On Mon, May 6, 2019 at 5:10 PM Steven Rostedt rostedt@goodmis.org wrote:
But the CPU that was rewriting instructions does a run_sync() after removing the int3:
static void run_sync(void) { int enable_irqs;
/* No need to sync if there's only one CPU */ if (num_online_cpus() == 1) return; enable_irqs = irqs_disabled(); /* We may be called with interrupts disabled (on bootup). */ if (enable_irqs) local_irq_enable(); on_each_cpu(do_sync_core, NULL, 1); if (enable_irqs) local_irq_disable();
}
Which sends an IPI to all CPUs to make sure they no longer see the int3.
Duh. I have been looking back and forth in that file, and I was mixing ftrace_modify_code_direct() (which only does a local sync) with ftrace_modify_code() (which does run_sync()). The dangers of moving around by searching for function names.
That file is a maze of several functions that are very similarly named and do slightly different things.

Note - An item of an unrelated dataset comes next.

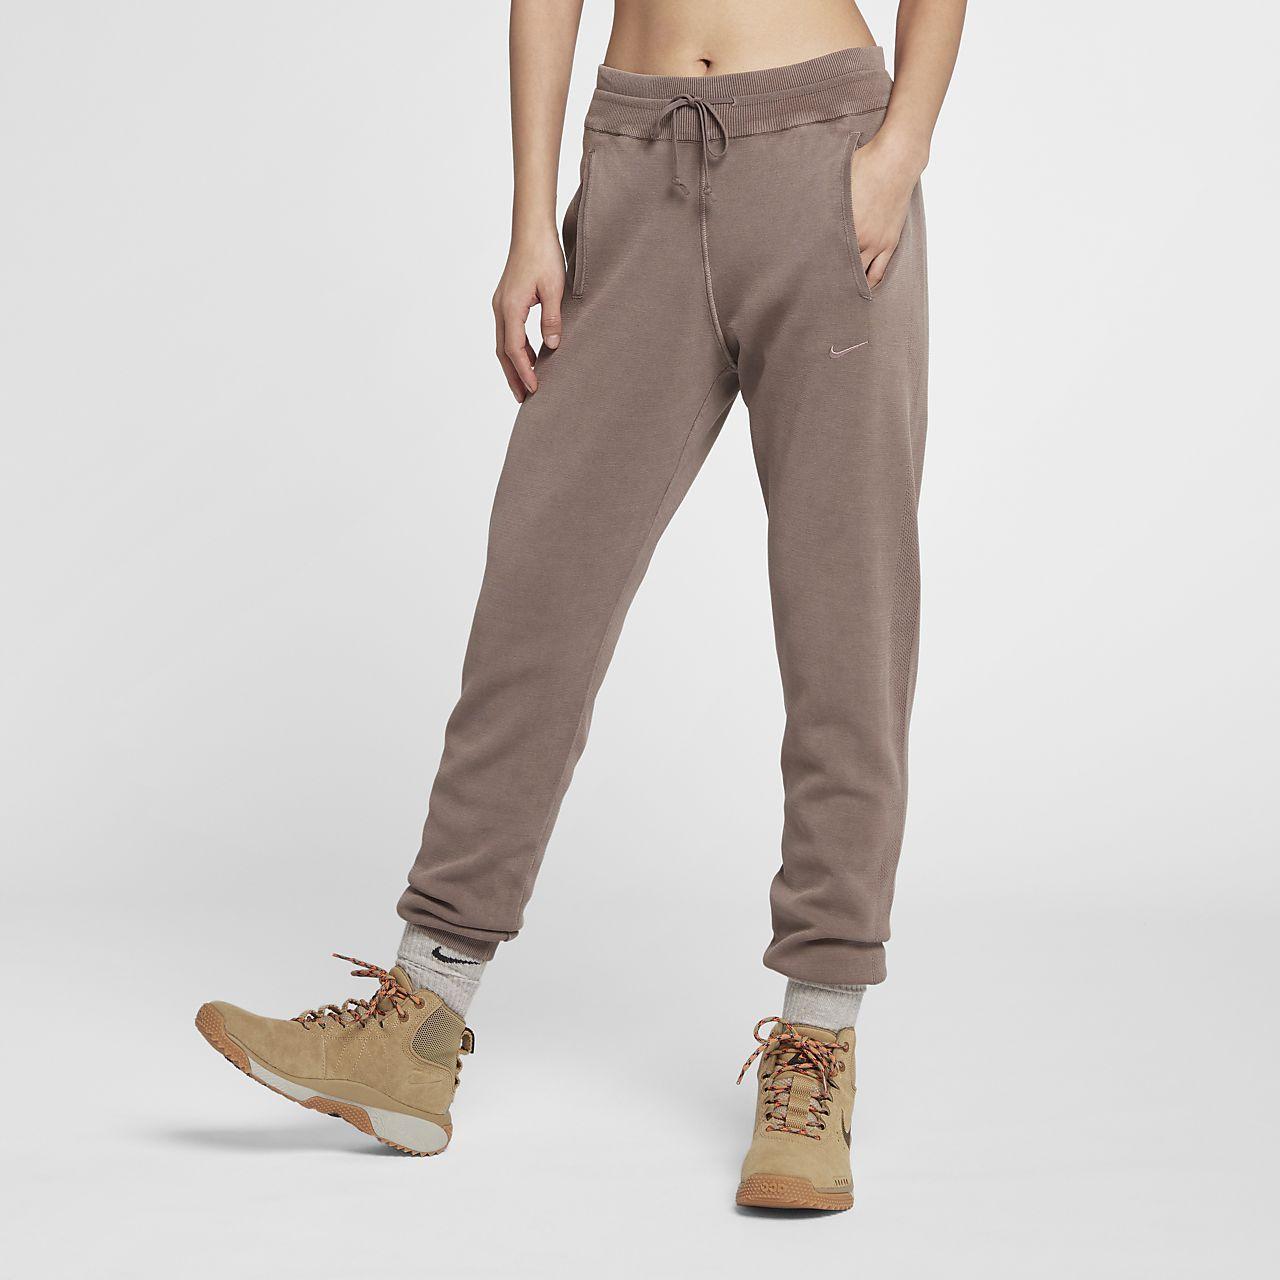 Calças de malha NikeLab Made in Italy Collection para mulher

But yes, I was looking at the "direct" sequence.
I think you are missing the run_sync() which is the heavy hammer to make sure all CPUs are in sync. And this is done at each stage:
add int3 run_sync(); update call cite outside of int3 run_sync() remove int3 run_sync()
HPA said that the last run_sync() isn't needed, but I kept it because I wanted to make sure. Looks like your analysis shows that it is needed.
Absolutely. I think we could get rid of it, but yes, to then avoid the race we'd need to be a lot more clever.
Yeah, with the three run_sunc() things, the races I thought it had can't happen.
Linus